Как далеко было его смирение — чисто внешнее, конечно, — от надменности первых дней и как ловко умела инквизиция, эта страшная сила, надевать любые маски! В настоящий период с королевой надо было обращаться осторожно, чтобы через нее влиять на короля, которому была уготована лишь видимость власти; эту власть еще предстояло вырвать из его немощной руки; дон Сульпиций слишком хорошо знал это, он не забыл о наставлениях своего начальства.
— Преподобный отец, выведите господина де Монтерея через ваш вход в молельню; пусть он ждет у себя наших, короля и моих, приказаний, и с этой минуты пусть не показывается мне на глаза.
— Повинуюсь, ваше величество, — ответил граф, низко поклонившись.
Монах вышел первым, сделав знак Монтерею следовать за ним; перед тем как удалиться, граф обернулся.
— Простите ли вы меня, ваше величество? — прошептал он. — Неужели я уйду, унося с собой бремя вашего гнева и презрения?
— Следуйте за отцом Сульпицием, сударь, — крайне высокомерно ответила королева, — и молитесь Богу не о том, чтобы я помнила, а о том, чтобы забыла.
И она ушла в свою спальню, чтобы не дать ему повода задерживаться дольше.
На следующий день возвратился король; Мария Луиза поговорила с ним в тот же вечер и, не рассказывая в подробностях о том, что произошло в ее покоях, заявила о своем недовольстве, вызванном некоторыми высказываниями г-на де Монтерея в беседе с герцогом де Верагасом; она потребовала, чтобы оба были удалены от двора и даже из Мадрида. Король потребовал разъяснений, но Мария Луиза с чисто женской изворотливостью сделала упор на наказании, которое следовало применить. Король стал задавать вопросы придворным, но никто не сообщил ничего больше, духовник тоже оставался нем, как предписывал ему его сан и собственная воля.
— Пусть ваше желание будет исполнено, моя королева, я не возражаю.
Приказания были отданы, и волшебные грезы герцога де Верагаса рассеялись как дым под порывами ветра. Его отослали в родовое имение, и там у него нашлось время поразмыслить о случившемся.
Господин де Монтерей не имел земельных владений, но его дядя был архиепископом в Гранаде. Графа отправили к нему. Монтерей в течение нескольких месяцев жил там довольно спокойно, каждое утро ожидая, что его призовут обратно, и теша себя иллюзиями в просторных залах Альгамбры, где он проводил и ночи и дни. Его воображение так разыгрывалось, что он в конце концов совсем потерял разум.

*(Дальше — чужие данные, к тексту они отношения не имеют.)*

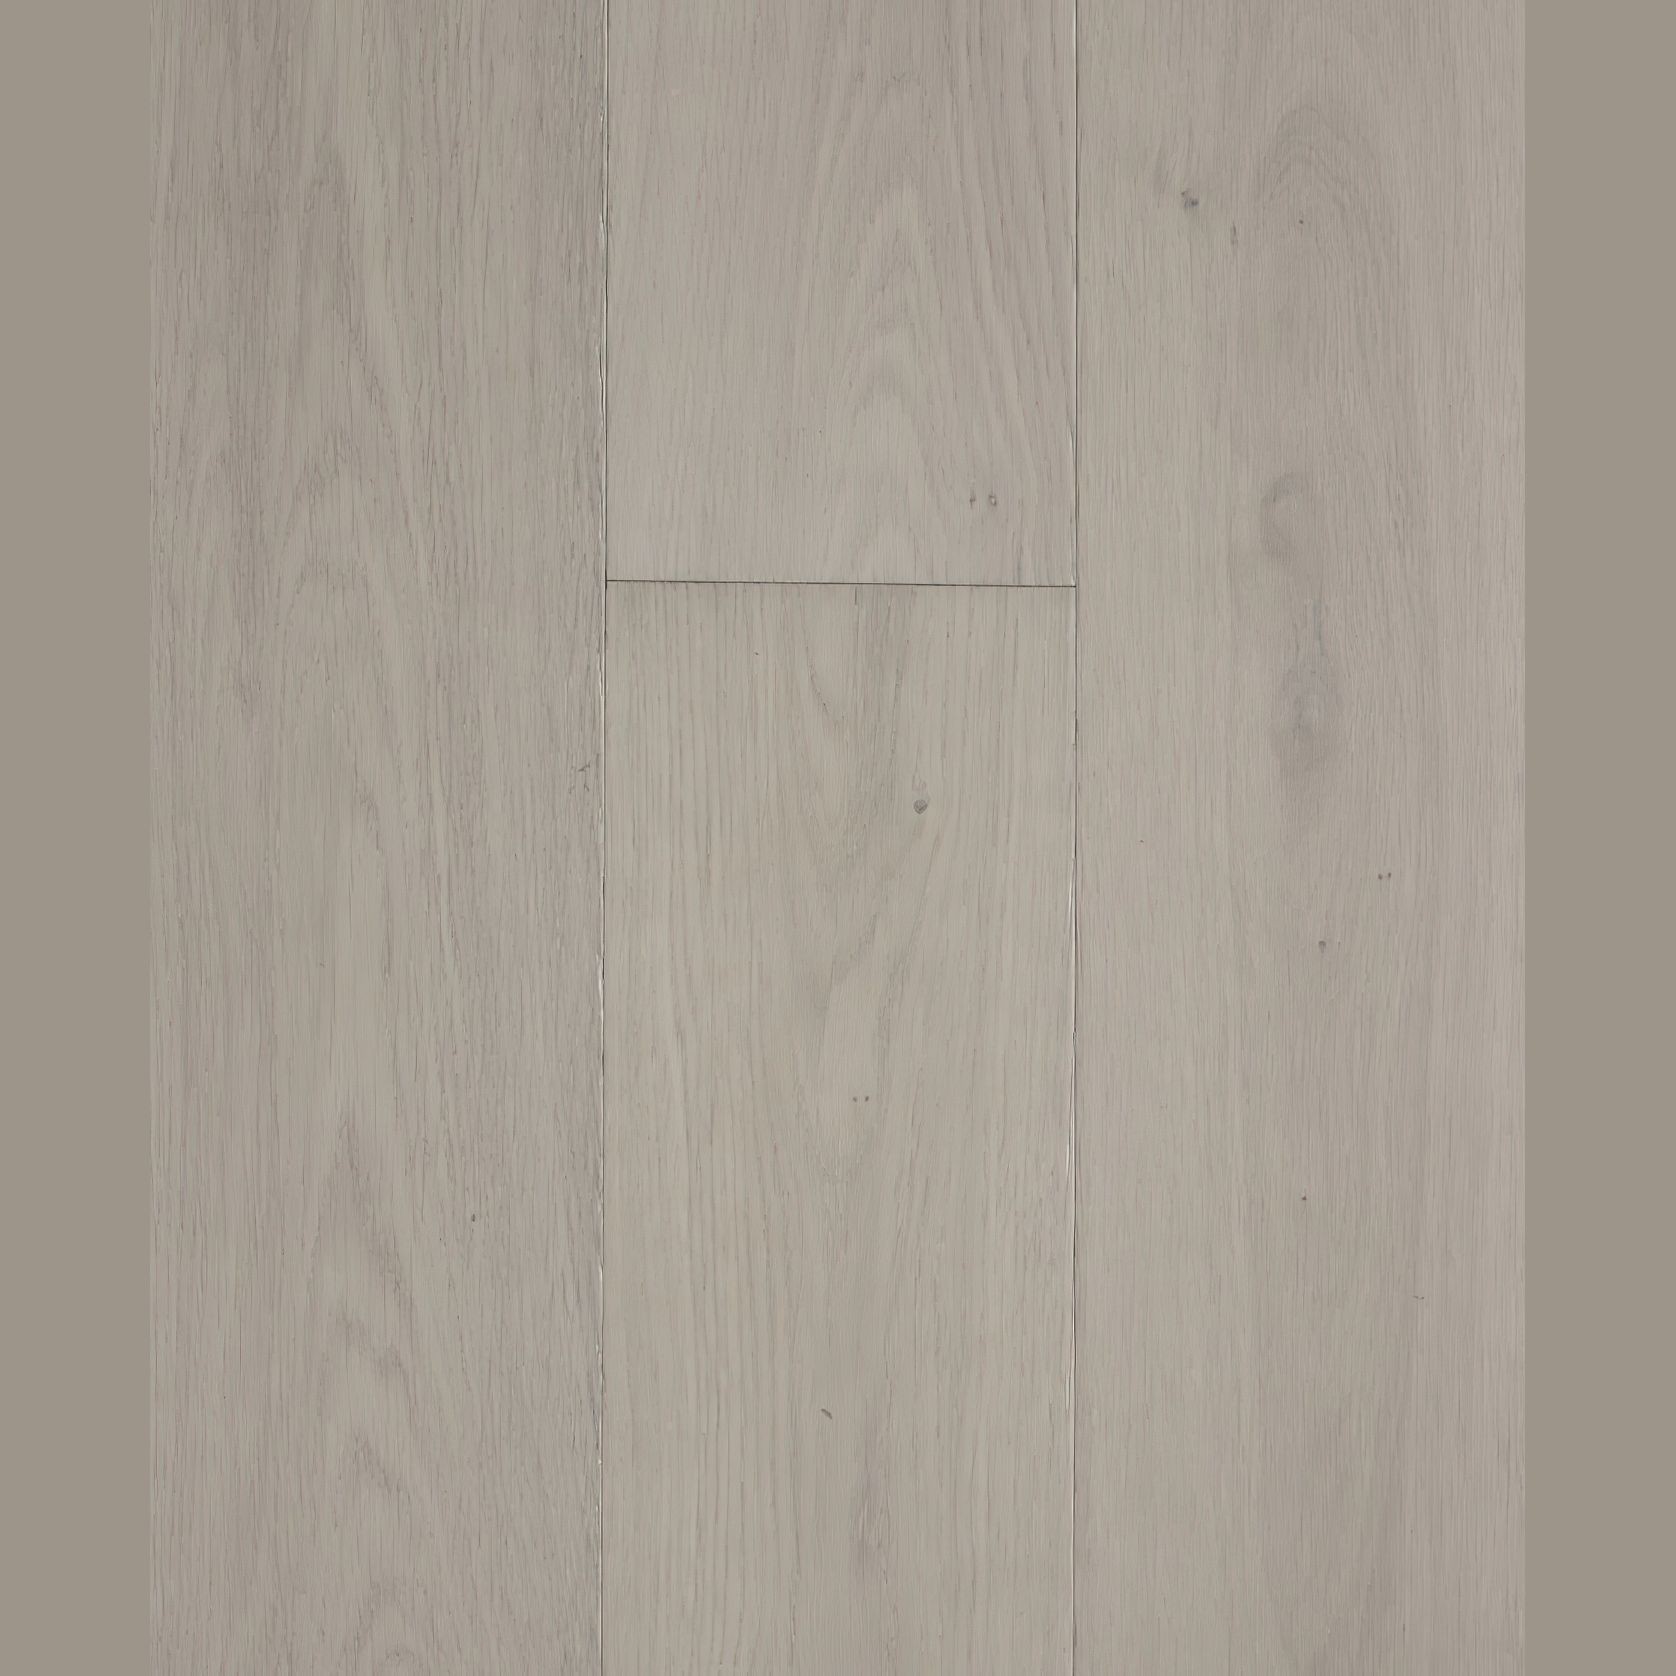 Loft Astoria Feature European Oak Flooring gallery detail image
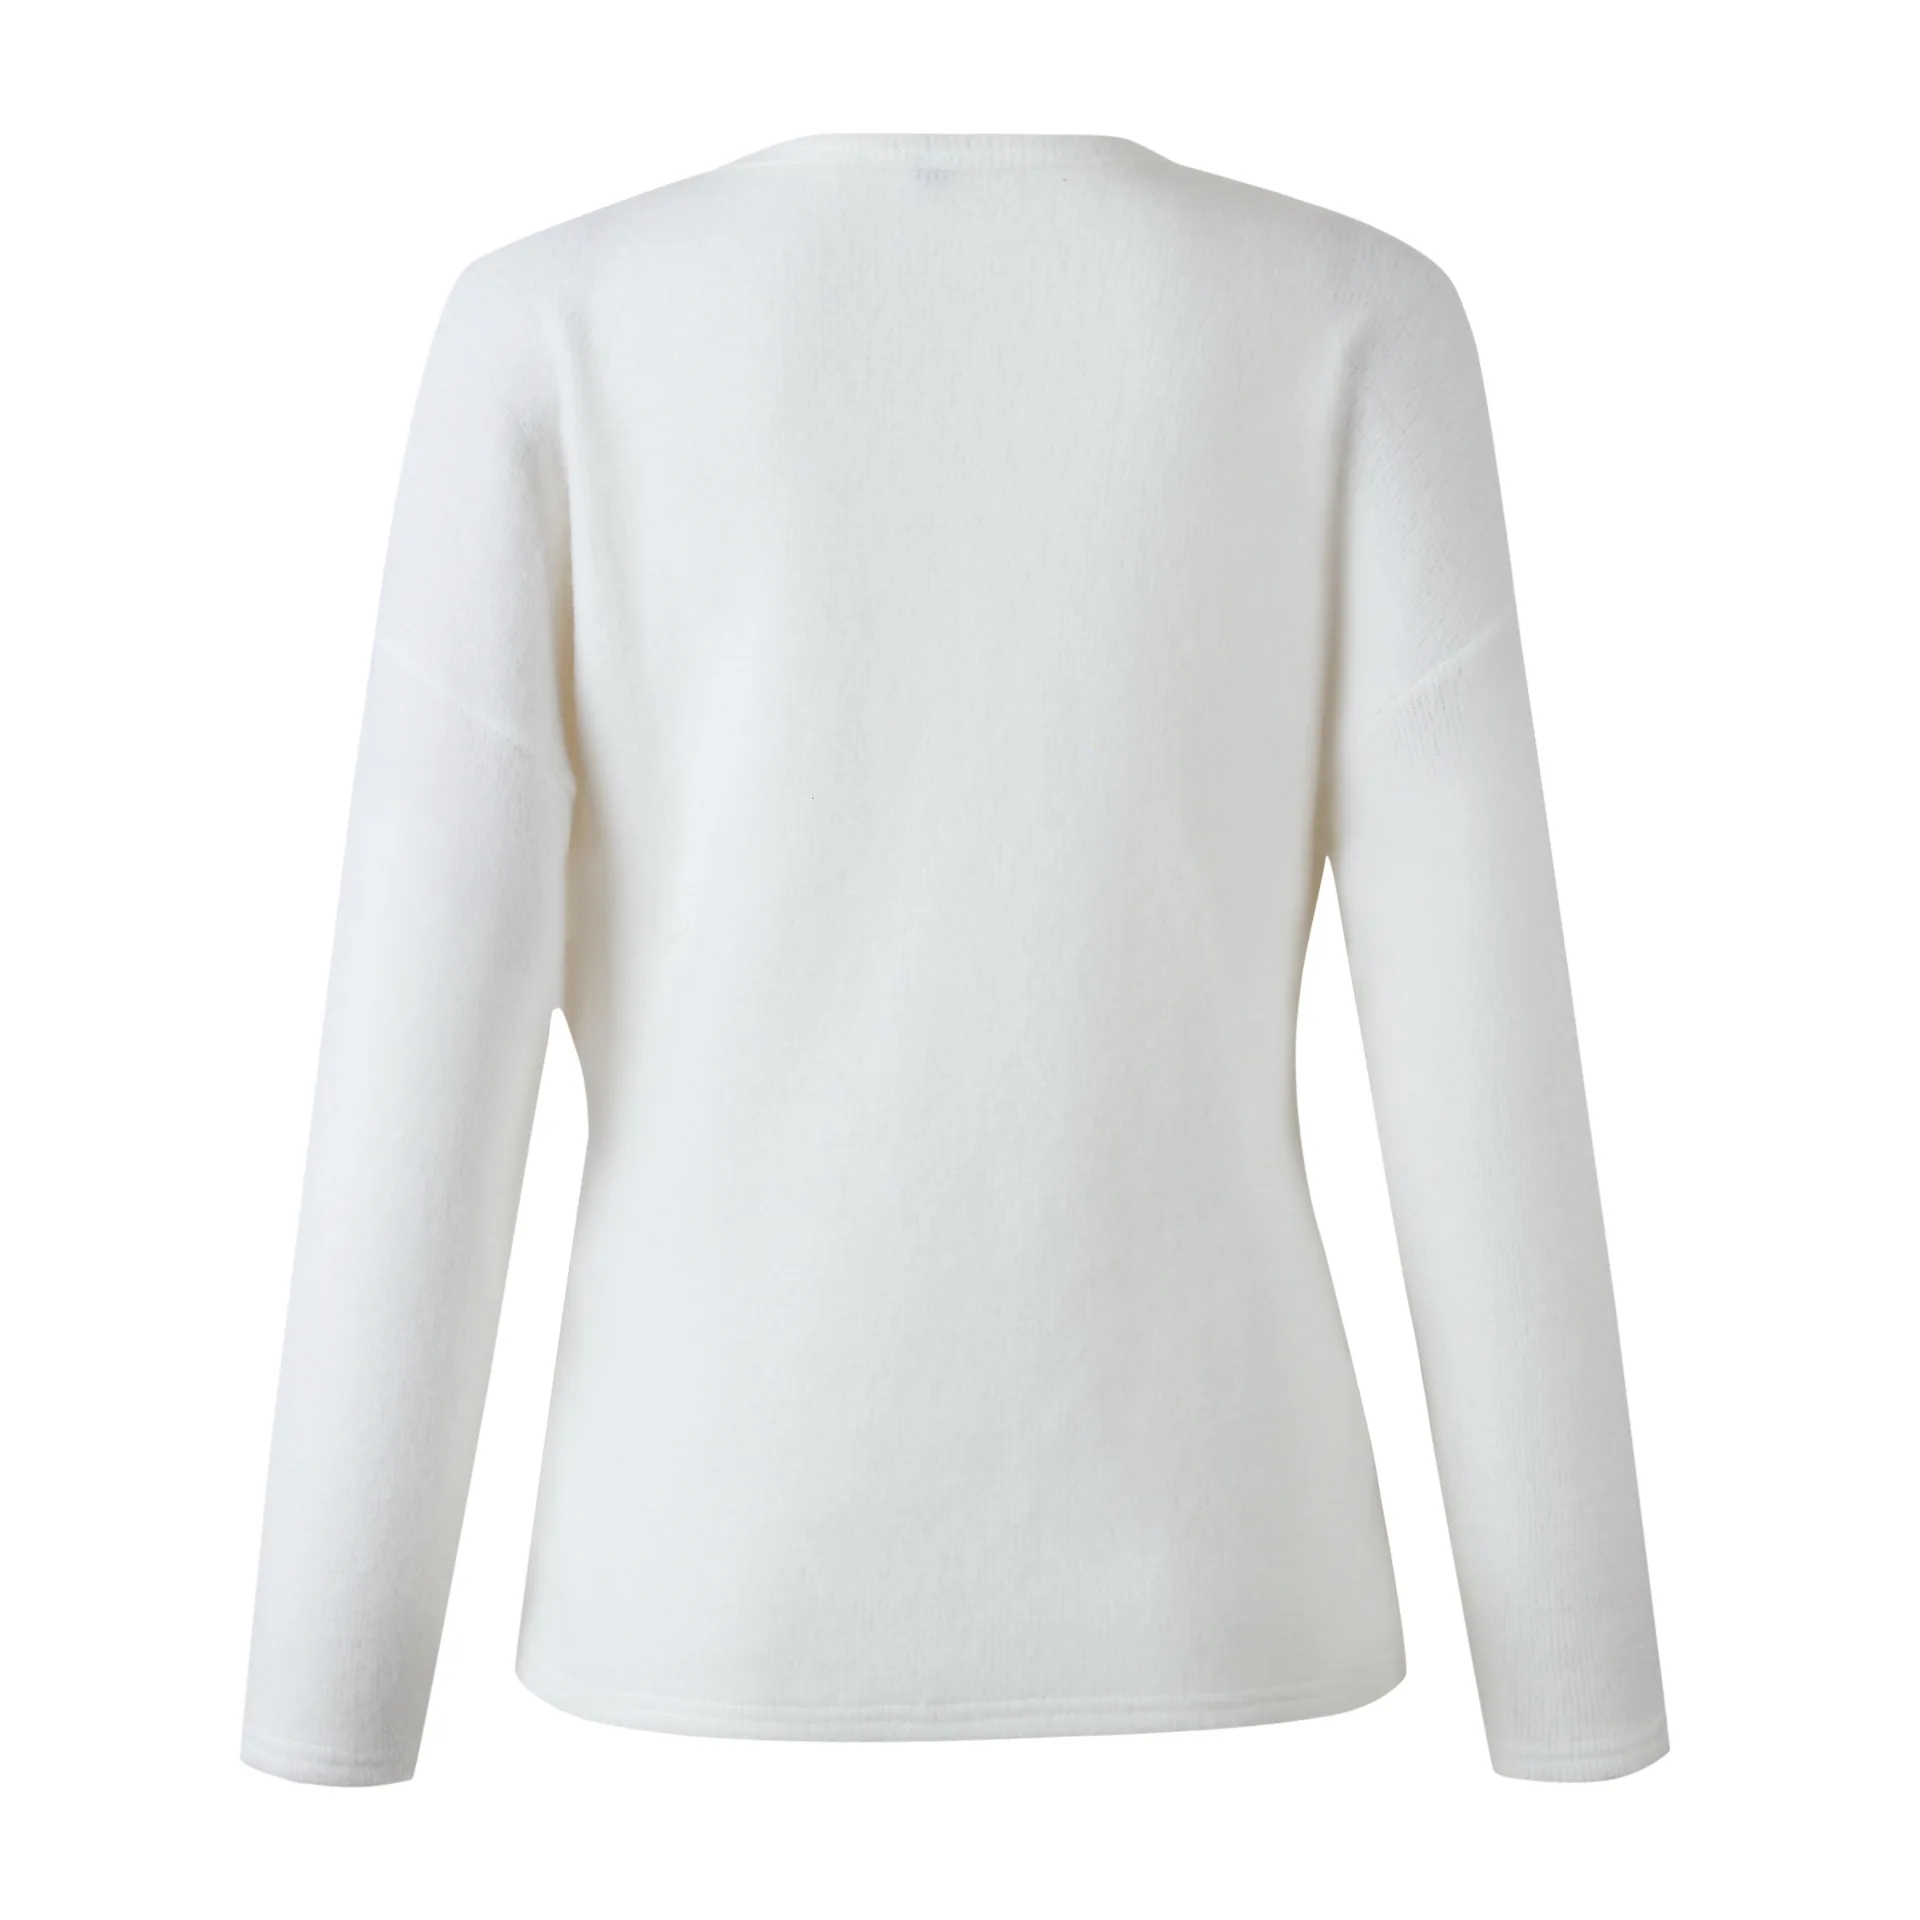 Женская однотонная полосатая футболка с v-образным вырезом и длинным рукавом, осенняя Женская тонкая рубашка с бантиком, классическая элегантная черно-белая рубашка, вязаные топы

Его печальное и тихое безумие вызывало жалость; он говорил только о королеве, ждал, звал ее, разговаривал с ней, будто она находилась рядом, и, казалось, слушал ее ответы. Он произносил самые грустные и трогательные слова. Видеть все это без слез было невозможно. И когда королеве сообщили о болезни графа и она узнала, что его безумие неизлечимо и все произошло из-за нее, бедняжка заплакала от всего сердца, горько раскаиваясь, что подала графу повод для надежд, а он заплатил за них такой дорогой ценой. Вылечить Монтерея ничто не могло; он умер в глубокой старости, до конца дней лелея все те же надежды на любовь королевы и не понимая, какие события происходят вокруг; он умер на руках единственного слуги, оставшегося у него после разорения родового гнезда.